State-of-the-art face recognition with LFW is currently reporting accuracy of 99.5% [84]. Does this mean that face recognition “in the wild” has now been solved? The answer is no [76], suggesting the limitations of this particular dataset, that though showing a step forward, still seems to be far from truly wild conditions. The dataset lacks these full wild conditions, e.g., it includes high-quality images, avoids severe occlusions [44], all of which benefit recognition. In the best cases, wild or non-ideal conditions have been taken into account when building a dataset by diving into Internet photo albums, with the advantage of avoiding illumination, pose, sensor, and partially good resolution limitations. However, these images have been artificially selected to be contained in an album. Therefore, their processing results will certainly be affected by imagery that results in some quality and conditions being introduced by human filtering. This circumstance produces an undesirable effect when some solutions are over-fitted to restricted conditions, and therefore cannot be generalized to other unrestricted scenarios. However, data availability in wilder conditions is increasing, in line with community interest, although substantial effort in expensive annotation is needed. Below, is a list of some, though not all, of the initiatives that have been recently proposed for in the wild challenges and for different biometric related problems:

• Labeled Faces in the Wild (LFW) [64],

• Emotion Recognition in the Wild Challenge (EmotiW) [42],

• Acted Facial Expression in the Wild (AFEW)/Static Facial Expression in the Wild (SFEW) [113],

• Kinship Face in the Wild (KinFaceW) [80],

• International Workshop on Biometrics in the Wild 2015 [8],

• 300 Faces in the Wild [123],

• Quis–Campi [98,119], biometrics in a surveillance scenario.

In the next section, we will specifically focus on one of the global soft biometric attributes that have received the widest attention by the community – gender.

7.3 Gender Classification in the Wild

This section aims to provide an overview of the most relevant solutions related to gender classification (GC) in the wild. It provides a comprehensive starting point for those who are considering approaching this research field.

According to Bruce and Young [15], gender is one of the first attributes extracted from the face by human facial analysis. Indeed, it is obtained before face recognition. In computer vision, gender is probably the soft biometric attribute that has received the most attention. It is of great interest for different applications as well as for the recognition purposes mentioned above, since it is an important variable for social interactions, and commonly studied by marketers.

The GC problem is a bi-class task, which is performed effortlessly with high precision by humans. First attempts on GC using biometrics were based on geometrical features [13,45], but the current standard appearance-based approach was adopted by SexNet in the early 1990s [55].

Nowadays, GC is an active field of research. It should be noted that in 2015, the National Institute of Standards and Technology (NIST) edited for the first time a Face Recognition Vendor Tests (FRVT) report devoted to the problem [97]. This is the result of the recent attention received by the field and is reflected in different surveys [18,93,112], and recent proposals.

According to Dantcheva et al. [38], automated GC has been accomplished by making use of different biometric traits: face, iris, fingerprint, body, hand and speech.
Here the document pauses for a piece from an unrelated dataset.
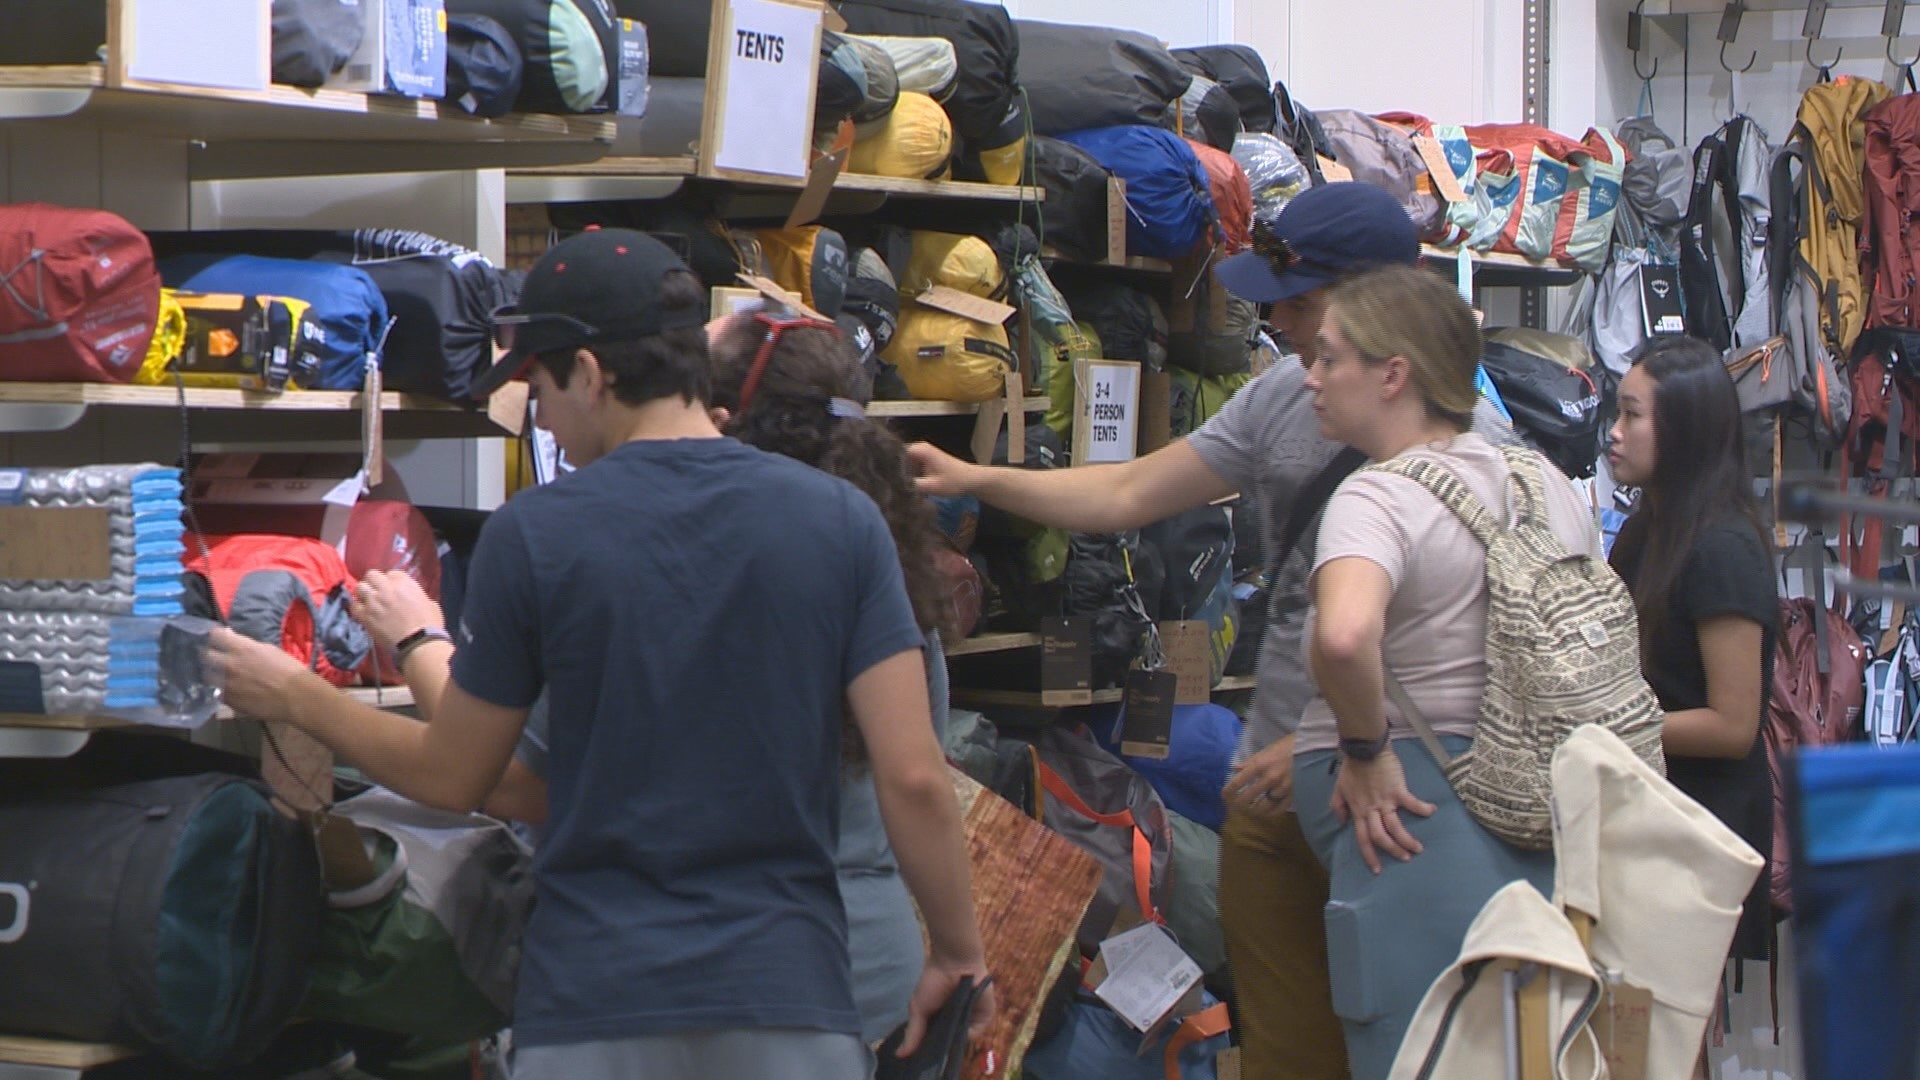 REI has held its garage sale program for decades. Now people can shop for preloved clothing, footwear and outdoor items at the new used gear store in Clackamas.

Among them, the most useful traits from a distance are face and body. As mentioned, most state-of-the-art GC solutions are based on the facial pattern in the visible spectrum, as suggested by recent surveys and leading proposals [6,7,9,23,35,66,93,97,99,129], but there is increasing interest beyond static 2D visible spectrum face-images to consider 3D data, as well as thermal and near-infrared face images [24,92].

In the standard GC approach, after detecting the biometric trait, the face in most cases, gender information is obtained in two stages: feature extraction and then classification [38,112]. The former extracts features from the biometric trait, the latter assigns the extracted features to one of two classes: male or female. However, many proposals also include, after trait detection, a normalization step. To illustrate this approach, let us consider the face as the input trait. Following face detection, some techniques extract features directly from the detection container, whereas others perform a light 2D normalization that fixes some main facial elements, such as the eye location, comprising 2D translation, scale, and rotation. Another more sophisticated and expensive 3D normalization, also referred to as frontalization, may involve 3D rotations, and is generally based on multi-fiducial points creating an Active Appearance Model (AAM) or similar.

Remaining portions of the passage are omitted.